Your basic problem is that you have an abstract base class Entity whose inheritors sometimes implement IXmlSerializable and sometimes don't, and when they do they are included in a collection that also implements IXmlSerializable and mingles collection properties with collection children within its XML. Somewhere in the process of reading this XML in you don't advance your XmlReader correctly and deserialization fails.

When implementing IXmlSerializable you need to adhere to the rules stated in this answer to Proper way to implement IXmlSerializable? by Marc Gravell as well as the documentation:

For IXmlSerializable.WriteXml(XmlWriter):

The WriteXml implementation you provide should write out the XML representation of the object. The framework writes a wrapper element and positions the XML writer after its start. Your implementation may write its contents, including child elements. The framework then closes the wrapper element.

For IXmlSerializable.ReadXml(XmlReader):

The ReadXml method must reconstitute your object using the information that was written by the WriteXml method.

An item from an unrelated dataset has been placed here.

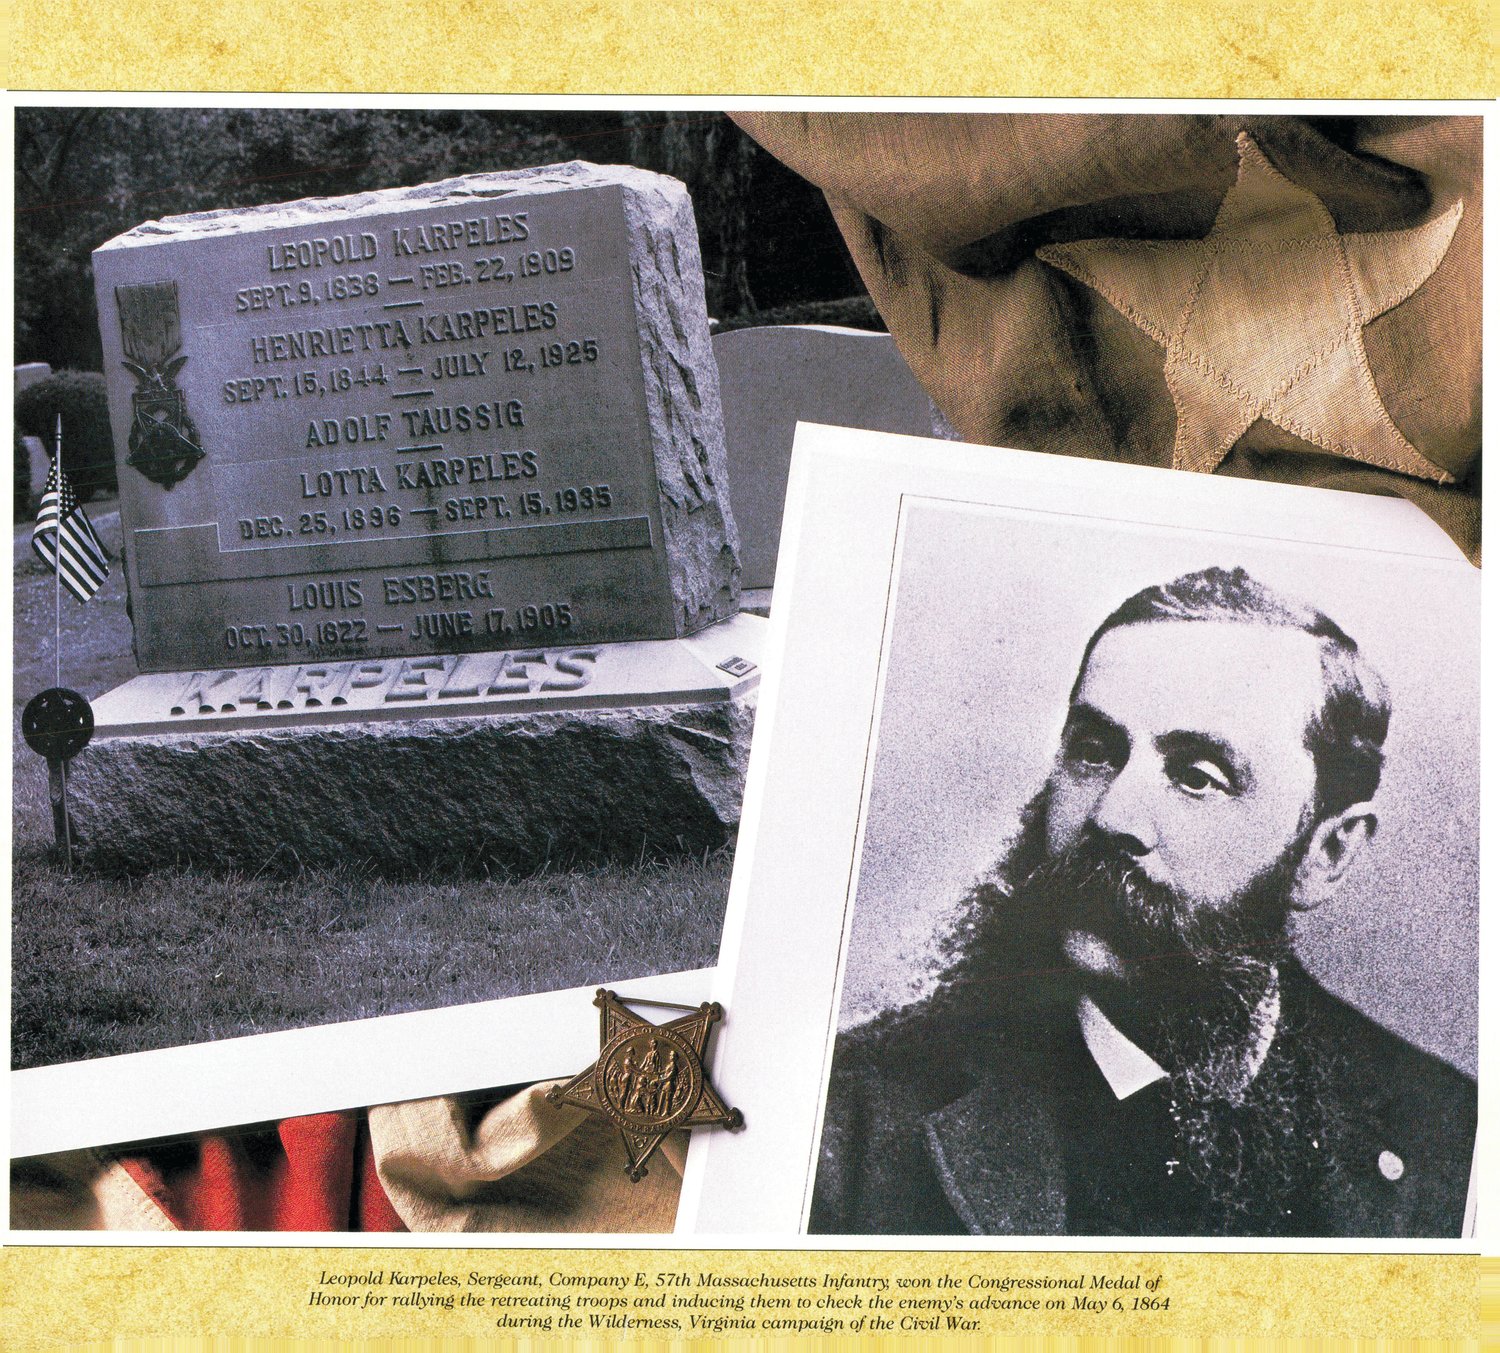 Leopold Karpeles won the Congressional Medal of honor for rallying retreating troups and inducing them to check the enemy’s advance on May 6, 1864 during the Wilderness, Virginia campaign of the Civil War.

When this method is called, the reader is positioned on the start tag that wraps the information for your type. That is, directly on the start tag that indicates the beginning of a serialized object. When this method returns, it must have read the entire element from beginning to end, including all of its contents. Unlike the WriteXml method, the framework does not handle the wrapper element automatically. Your implementation must do so. Failing to observe these positioning rules may cause code to generate unexpected runtime exceptions or corrupt data.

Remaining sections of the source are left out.